Make an exact copy of all the records.

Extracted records
--- --- ---

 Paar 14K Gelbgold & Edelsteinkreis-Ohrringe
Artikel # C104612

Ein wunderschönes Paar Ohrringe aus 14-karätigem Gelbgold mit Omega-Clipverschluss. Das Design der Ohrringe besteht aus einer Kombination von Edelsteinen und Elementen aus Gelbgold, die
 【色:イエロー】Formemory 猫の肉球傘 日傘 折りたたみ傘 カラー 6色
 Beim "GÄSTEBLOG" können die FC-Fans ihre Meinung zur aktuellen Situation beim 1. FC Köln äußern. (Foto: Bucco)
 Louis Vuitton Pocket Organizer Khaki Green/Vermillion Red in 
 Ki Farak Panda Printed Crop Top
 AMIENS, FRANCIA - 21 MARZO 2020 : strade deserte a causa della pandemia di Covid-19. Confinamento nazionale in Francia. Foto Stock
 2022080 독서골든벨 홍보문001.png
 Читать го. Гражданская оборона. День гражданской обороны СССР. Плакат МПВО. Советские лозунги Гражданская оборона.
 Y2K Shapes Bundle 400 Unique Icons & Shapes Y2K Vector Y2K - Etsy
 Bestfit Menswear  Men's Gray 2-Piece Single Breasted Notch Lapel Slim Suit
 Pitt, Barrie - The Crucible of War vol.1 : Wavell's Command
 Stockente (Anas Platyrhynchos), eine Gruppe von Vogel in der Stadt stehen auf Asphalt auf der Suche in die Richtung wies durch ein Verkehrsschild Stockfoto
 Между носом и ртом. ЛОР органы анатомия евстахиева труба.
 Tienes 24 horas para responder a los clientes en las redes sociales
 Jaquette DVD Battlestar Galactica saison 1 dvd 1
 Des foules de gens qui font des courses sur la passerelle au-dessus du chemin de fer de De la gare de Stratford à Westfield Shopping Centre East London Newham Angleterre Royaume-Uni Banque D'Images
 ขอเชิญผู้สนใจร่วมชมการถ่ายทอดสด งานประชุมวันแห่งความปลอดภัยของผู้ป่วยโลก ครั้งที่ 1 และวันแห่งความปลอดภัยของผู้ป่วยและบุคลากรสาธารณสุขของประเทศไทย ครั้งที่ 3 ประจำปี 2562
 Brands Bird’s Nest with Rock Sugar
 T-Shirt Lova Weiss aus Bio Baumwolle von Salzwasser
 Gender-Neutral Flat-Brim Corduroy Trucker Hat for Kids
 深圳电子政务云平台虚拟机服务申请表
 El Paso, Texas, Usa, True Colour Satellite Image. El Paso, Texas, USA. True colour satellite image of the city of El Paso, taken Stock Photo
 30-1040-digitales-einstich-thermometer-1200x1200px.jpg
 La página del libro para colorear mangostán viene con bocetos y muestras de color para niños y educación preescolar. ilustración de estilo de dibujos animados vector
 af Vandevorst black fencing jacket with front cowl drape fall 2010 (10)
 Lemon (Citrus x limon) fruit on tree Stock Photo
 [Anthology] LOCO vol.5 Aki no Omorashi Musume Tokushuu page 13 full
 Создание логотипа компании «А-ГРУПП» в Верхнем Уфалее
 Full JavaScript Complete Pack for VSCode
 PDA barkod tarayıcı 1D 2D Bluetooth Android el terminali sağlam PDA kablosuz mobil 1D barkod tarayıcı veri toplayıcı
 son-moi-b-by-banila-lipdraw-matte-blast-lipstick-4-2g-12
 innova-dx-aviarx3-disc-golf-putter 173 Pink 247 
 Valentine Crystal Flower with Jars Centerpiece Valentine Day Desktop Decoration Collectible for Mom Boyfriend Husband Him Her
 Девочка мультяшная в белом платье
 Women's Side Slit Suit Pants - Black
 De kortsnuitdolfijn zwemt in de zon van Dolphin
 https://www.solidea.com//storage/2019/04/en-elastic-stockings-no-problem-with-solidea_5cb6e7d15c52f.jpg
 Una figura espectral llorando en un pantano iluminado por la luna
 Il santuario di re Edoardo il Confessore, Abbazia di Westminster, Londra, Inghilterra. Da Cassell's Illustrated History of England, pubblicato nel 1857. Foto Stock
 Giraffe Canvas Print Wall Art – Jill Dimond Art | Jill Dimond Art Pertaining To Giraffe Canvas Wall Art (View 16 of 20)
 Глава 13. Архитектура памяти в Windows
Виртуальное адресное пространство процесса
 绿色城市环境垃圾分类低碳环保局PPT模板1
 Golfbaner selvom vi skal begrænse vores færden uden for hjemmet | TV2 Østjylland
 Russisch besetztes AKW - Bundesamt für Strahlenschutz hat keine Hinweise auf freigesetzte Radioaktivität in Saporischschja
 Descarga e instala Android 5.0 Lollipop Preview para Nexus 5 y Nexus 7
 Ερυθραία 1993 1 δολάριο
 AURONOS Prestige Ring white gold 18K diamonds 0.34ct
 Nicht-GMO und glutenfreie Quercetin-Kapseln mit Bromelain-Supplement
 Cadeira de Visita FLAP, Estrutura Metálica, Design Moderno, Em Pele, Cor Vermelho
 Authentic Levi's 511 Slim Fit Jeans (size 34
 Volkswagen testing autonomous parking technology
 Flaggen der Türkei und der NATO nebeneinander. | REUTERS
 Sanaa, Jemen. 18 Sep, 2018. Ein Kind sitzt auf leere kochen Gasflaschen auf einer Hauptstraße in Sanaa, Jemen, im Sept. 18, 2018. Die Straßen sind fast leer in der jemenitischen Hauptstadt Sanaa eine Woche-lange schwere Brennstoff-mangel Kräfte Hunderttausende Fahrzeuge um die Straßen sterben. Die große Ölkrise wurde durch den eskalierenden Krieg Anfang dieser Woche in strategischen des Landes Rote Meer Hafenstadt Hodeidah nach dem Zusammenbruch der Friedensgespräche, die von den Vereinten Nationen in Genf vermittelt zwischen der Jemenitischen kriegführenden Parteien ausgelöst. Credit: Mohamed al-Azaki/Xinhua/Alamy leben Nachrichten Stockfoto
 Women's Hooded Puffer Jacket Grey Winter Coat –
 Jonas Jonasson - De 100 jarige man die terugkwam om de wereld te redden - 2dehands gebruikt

--- --- ---

> Exercise answer
 Paar 14K Gelbgold & Edelsteinkreis-Ohrringe
Artikel # C104612

Ein wunderschönes Paar Ohrringe aus 14-karätigem Gelbgold mit Omega-Clipverschluss. Das Design der Ohrringe besteht aus einer Kombination von Edelsteinen und Elementen aus Gelbgold, die
 【色:イエロー】Formemory 猫の肉球傘 日傘 折りたたみ傘 カラー 6色
 Beim "GÄSTEBLOG" können die FC-Fans ihre Meinung zur aktuellen Situation beim 1. FC Köln äußern. (Foto: Bucco)
 Louis Vuitton Pocket Organizer Khaki Green/Vermillion Red in 
 Ki Farak Panda Printed Crop Top
 AMIENS, FRANCIA - 21 MARZO 2020 : strade deserte a causa della pandemia di Covid-19. Confinamento nazionale in Francia. Foto Stock
 2022080 독서골든벨 홍보문001.png
 Читать го. Гражданская оборона. День гражданской обороны СССР. Плакат МПВО. Советские лозунги Гражданская оборона.
 Y2K Shapes Bundle 400 Unique Icons & Shapes Y2K Vector Y2K - Etsy
 Bestfit Menswear  Men's Gray 2-Piece Single Breasted Notch Lapel Slim Suit
 Pitt, Barrie - The Crucible of War vol.1 : Wavell's Command
 Stockente (Anas Platyrhynchos), eine Gruppe von Vogel in der Stadt stehen auf Asphalt auf der Suche in die Richtung wies durch ein Verkehrsschild Stockfoto
 Между носом и ртом. ЛОР органы анатомия евстахиева труба.
 Tienes 24 horas para responder a los clientes en las redes sociales
 Jaquette DVD Battlestar Galactica saison 1 dvd 1
 Des foules de gens qui font des courses sur la passerelle au-dessus du chemin de fer de De la gare de Stratford à Westfield Shopping Centre East London Newham Angleterre Royaume-Uni Banque D'Images
 ขอเชิญผู้สนใจร่วมชมการถ่ายทอดสด งานประชุมวันแห่งความปลอดภัยของผู้ป่วยโลก ครั้งที่ 1 และวันแห่งความปลอดภัยของผู้ป่วยและบุคลากรสาธารณสุขของประเทศไทย ครั้งที่ 3 ประจำปี 2562
 Brands Bird’s Nest with Rock Sugar
 T-Shirt Lova Weiss aus Bio Baumwolle von Salzwasser
 Gender-Neutral Flat-Brim Corduroy Trucker Hat for Kids
 深圳电子政务云平台虚拟机服务申请表
 El Paso, Texas, Usa, True Colour Satellite Image. El Paso, Texas, USA. True colour satellite image of the city of El Paso, taken Stock Photo
 30-1040-digitales-einstich-thermometer-1200x1200px.jpg
 La página del libro para colorear mangostán viene con bocetos y muestras de color para niños y educación preescolar. ilustración de estilo de dibujos animados vector
 af Vandevorst black fencing jacket with front cowl drape fall 2010 (10)
 Lemon (Citrus x limon) fruit on tree Stock Photo
 [Anthology] LOCO vol.5 Aki no Omorashi Musume Tokushuu page 13 full
 Создание логотипа компании «А-ГРУПП» в Верхнем Уфалее
 Full JavaScript Complete Pack for VSCode
 PDA barkod tarayıcı 1D 2D Bluetooth Android el terminali sağlam PDA kablosuz mobil 1D barkod tarayıcı veri toplayıcı
 son-moi-b-by-banila-lipdraw-matte-blast-lipstick-4-2g-12
 innova-dx-aviarx3-disc-golf-putter 173 Pink 247 
 Valentine Crystal Flower with Jars Centerpiece Valentine Day Desktop Decoration Collectible for Mom Boyfriend Husband Him Her
 Девочка мультяшная в белом платье
 Women's Side Slit Suit Pants - Black
 De kortsnuitdolfijn zwemt in de zon van Dolphin
 https://www.solidea.com//storage/2019/04/en-elastic-stockings-no-problem-with-solidea_5cb6e7d15c52f.jpg
 Una figura espectral llorando en un pantano iluminado por la luna
 Il santuario di re Edoardo il Confessore, Abbazia di Westminster, Londra, Inghilterra. Da Cassell's Illustrated History of England, pubblicato nel 1857. Foto Stock
 Giraffe Canvas Print Wall Art – Jill Dimond Art | Jill Dimond Art Pertaining To Giraffe Canvas Wall Art (View 16 of 20)
 Глава 13. Архитектура памяти в Windows
Виртуальное адресное пространство процесса
 绿色城市环境垃圾分类低碳环保局PPT模板1
 Golfbaner selvom vi skal begrænse vores færden uden for hjemmet | TV2 Østjylland
 Russisch besetztes AKW - Bundesamt für Strahlenschutz hat keine Hinweise auf freigesetzte Radioaktivität in Saporischschja
 Descarga e instala Android 5.0 Lollipop Preview para Nexus 5 y Nexus 7
 Ερυθραία 1993 1 δολάριο
 AURONOS Prestige Ring white gold 18K diamonds 0.34ct
 Nicht-GMO und glutenfreie Quercetin-Kapseln mit Bromelain-Supplement
 Cadeira de Visita FLAP, Estrutura Metálica, Design Moderno, Em Pele, Cor Vermelho
 Authentic Levi's 511 Slim Fit Jeans (size 34
 Volkswagen testing autonomous parking technology
 Flaggen der Türkei und der NATO nebeneinander. | REUTERS
 Sanaa, Jemen. 18 Sep, 2018. Ein Kind sitzt auf leere kochen Gasflaschen auf einer Hauptstraße in Sanaa, Jemen, im Sept. 18, 2018. Die Straßen sind fast leer in der jemenitischen Hauptstadt Sanaa eine Woche-lange schwere Brennstoff-mangel Kräfte Hunderttausende Fahrzeuge um die Straßen sterben. Die große Ölkrise wurde durch den eskalierenden Krieg Anfang dieser Woche in strategischen des Landes Rote Meer Hafenstadt Hodeidah nach dem Zusammenbruch der Friedensgespräche, die von den Vereinten Nationen in Genf vermittelt zwischen der Jemenitischen kriegführenden Parteien ausgelöst. Credit: Mohamed al-Azaki/Xinhua/Alamy leben Nachrichten Stockfoto
 Women's Hooded Puffer Jacket Grey Winter Coat –
 Jonas Jonasson - De 100 jarige man die terugkwam om de wereld te redden - 2dehands gebruikt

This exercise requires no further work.